Send a reminder email
Avatok sends automatic reminders, but a personal note 24 hours out with the link and a one-line "here's what we'll do tomorrow" lifts attendance meaningfully.
Run: the day of
One hour out
- Eat. Hydrate. Use the bathroom.
- Close every app that could ping you. Slack, email, calendar alerts.
- Mute your phone (not silent — properly off).
- Put a "do not disturb" note on your door if relevant.
Fifteen minutes out
Open the control room. Confirm camera, mic, lighting. Smile at yourself in the preview. Click Start broadcast. Stream goes live but attendees stay in the lobby.
Five minutes out
Open the lobby so attendees can come in. Greet people by name as they arrive. Casual energy. Don't start the formal content yet.
Start time
Deliver your prepared opening. Land it. Then move into the body.
During
- Watch the chat. Address questions as they come in.
- Pin announcements (start time of Q&A, link to next event, link to download the deck) so they stay visible.
- Don't check the viewer count. It will distract you.
- Hit your time markers. If you said the Q&A starts at +45 min, start it at +45.
Closing
Three things in the last five minutes:
- A brief recap of the most important takeaway.
- One specific next action: a follow-up product, a 1:1 booking link, a sign-up to a mailing list, your social handle.
- Sincere thanks. Tell them when the next event is.
End cleanly
Click End broadcast. Don't leave the stream open after the goodbye. The platform settles the bookings, files the recording, and starts the wallet credit path automatically.
Recover: the day after
Send a thank-you email
Within 24 hours. To every attendee. Two sentences thanking them, one sentence recapping the takeaway, one link to whatever you want them to do next. This single email is the highest-ROI marketing move you make all week.
Review the recording
If you opted into recording, watch the playback at 1.5×. Note three things to do differently next time. The fourth event is materially better than the first because of what you learned in the first three.
Pull the metrics
From the event dashboard: tickets sold, attendance rate (attended ÷ tickets), average watch time, tips received, end-of-event 1:1 booking conversion. Save these in a spreadsheet. After three events the pattern emerges.
Schedule the next one
Don't wait. The audience just paid for one event; they're your warmest possible audience for the next. Set the next event within seven days of the first.

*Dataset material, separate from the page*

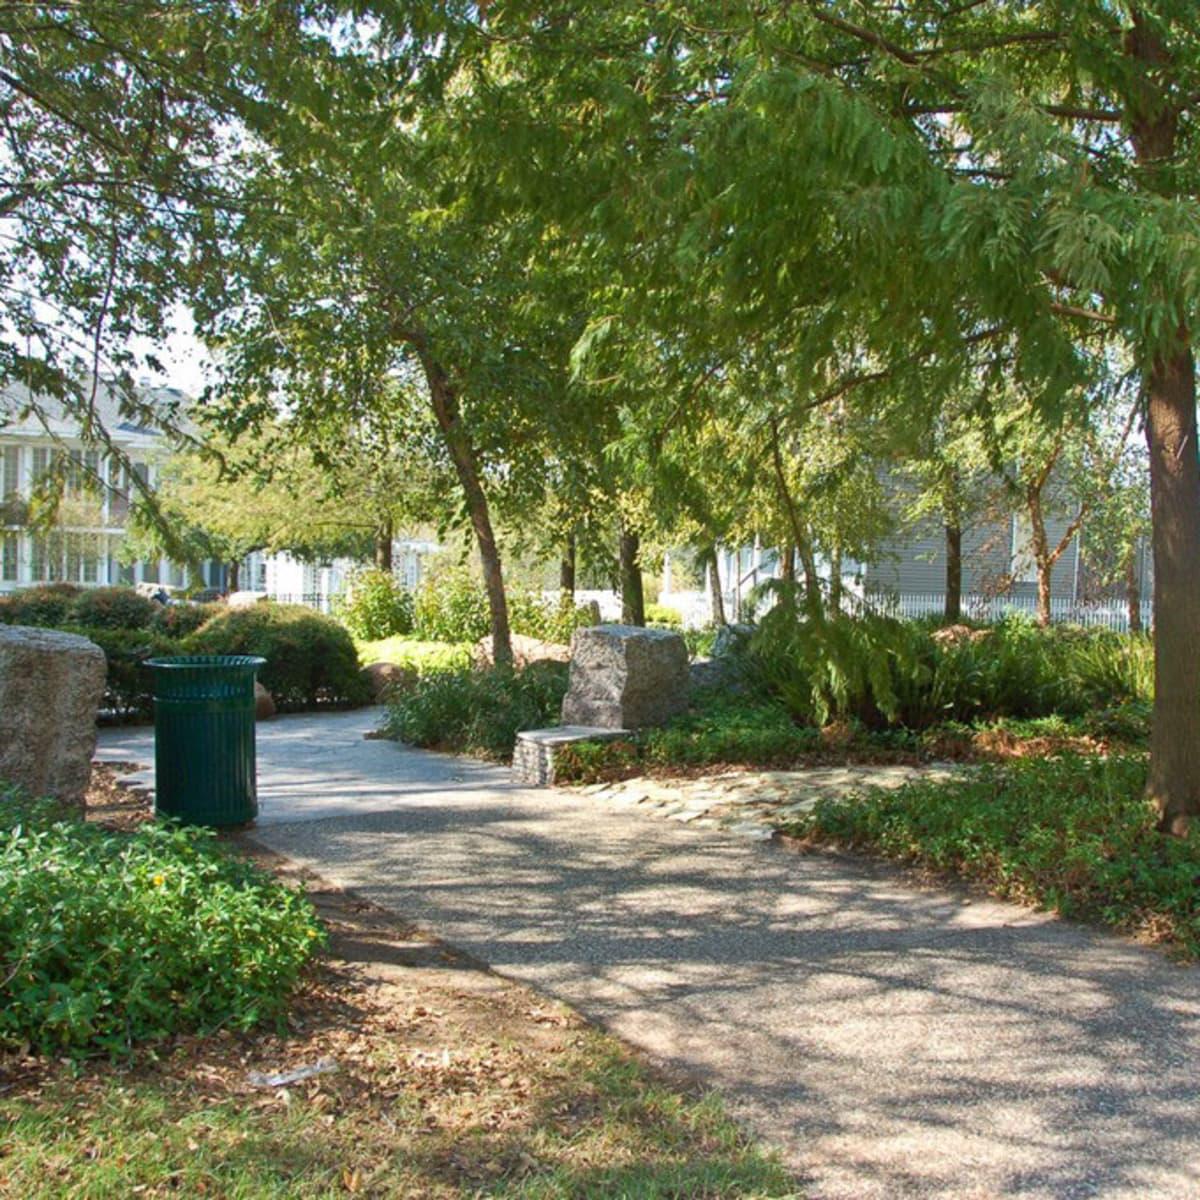 Places-Unique-Sam Houston Park-sidewalk-1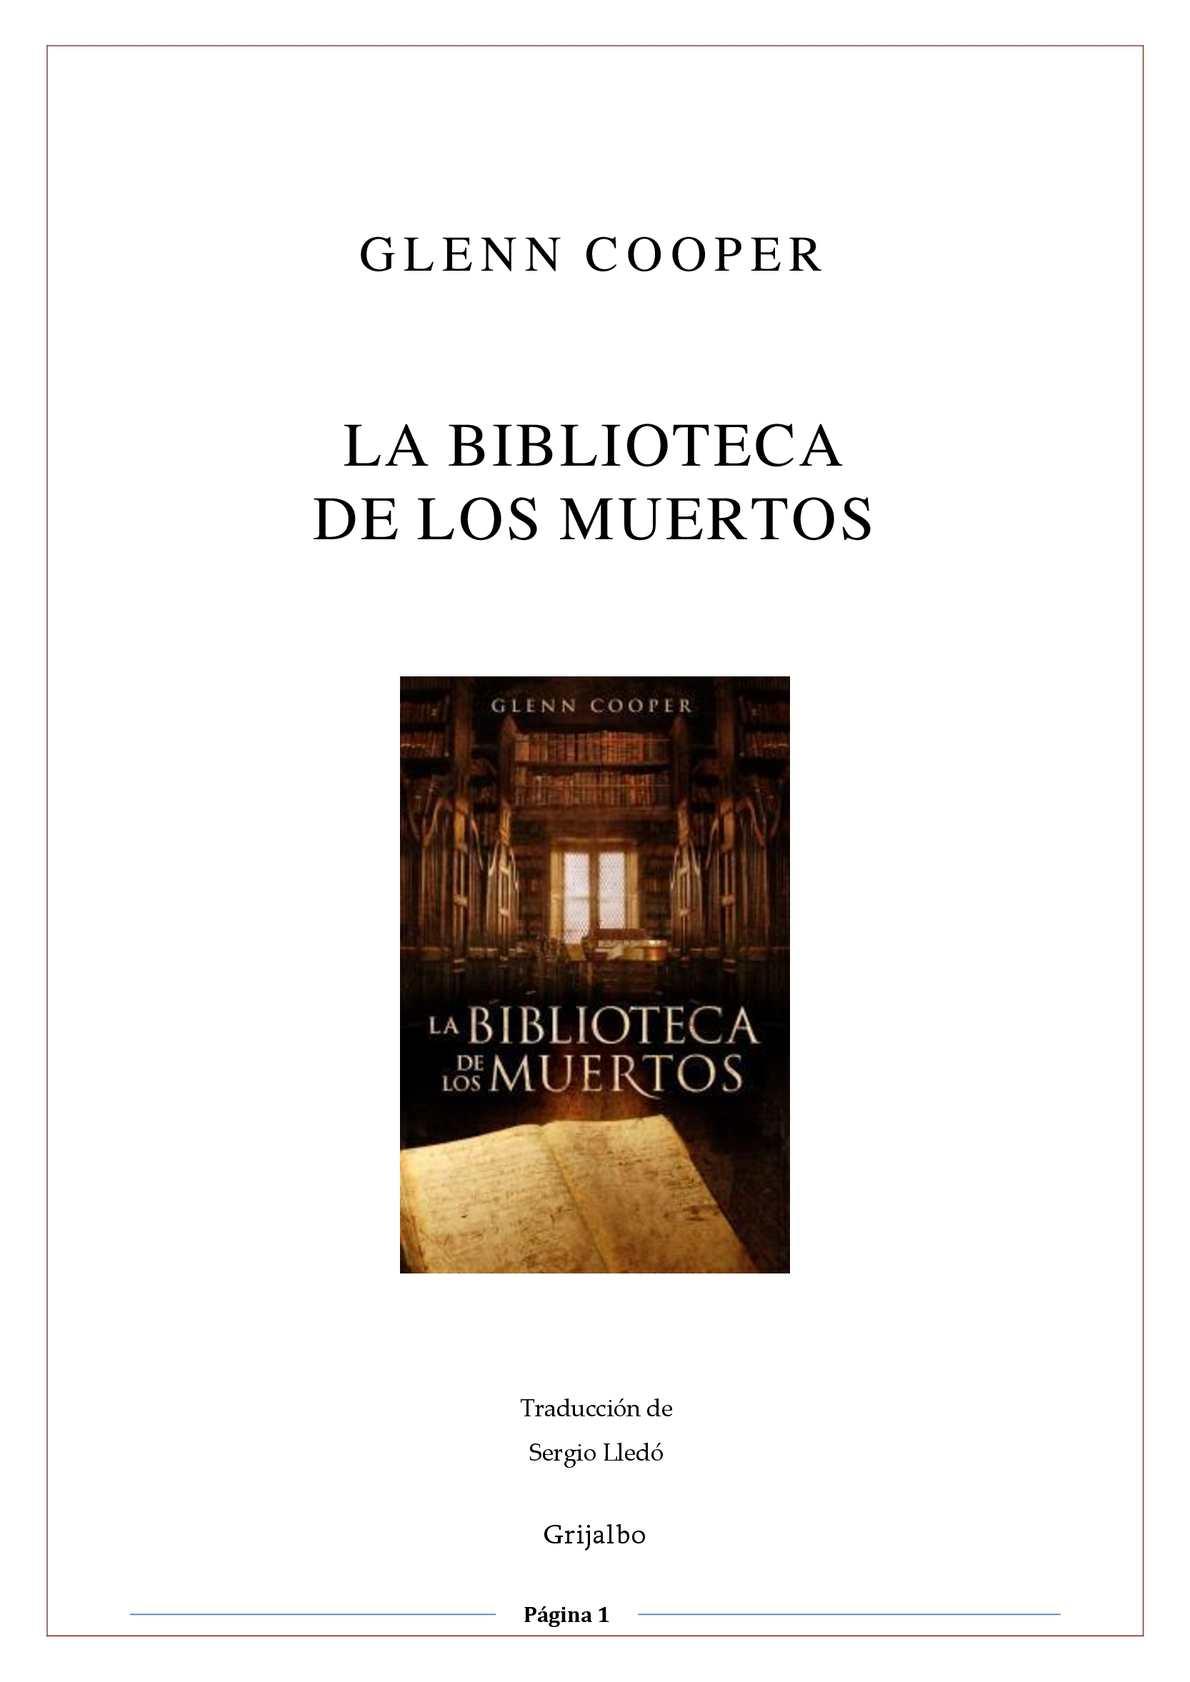 Calaméo - GLENN COOPER-LA BIBLIOTECA DE LOS MUERTOS

What to skip on the first event
- Production polish. Don't spend a week building a fancy intro animation. Audiences don't notice; the show notices when you spent the prep time on the wrong thing.
- Guest speakers. Two-person dynamics double the variables. Run a solo first.
- Multiple products in one event. Don't teach, sell a course, do live commerce, and run a Q&A in a single 60-minute event. Pick one.
That's the checklist. If you follow it end-to-end the first event won't be perfect — they never are — but it will be good enough that the second one is better. That compound improvement is the whole game.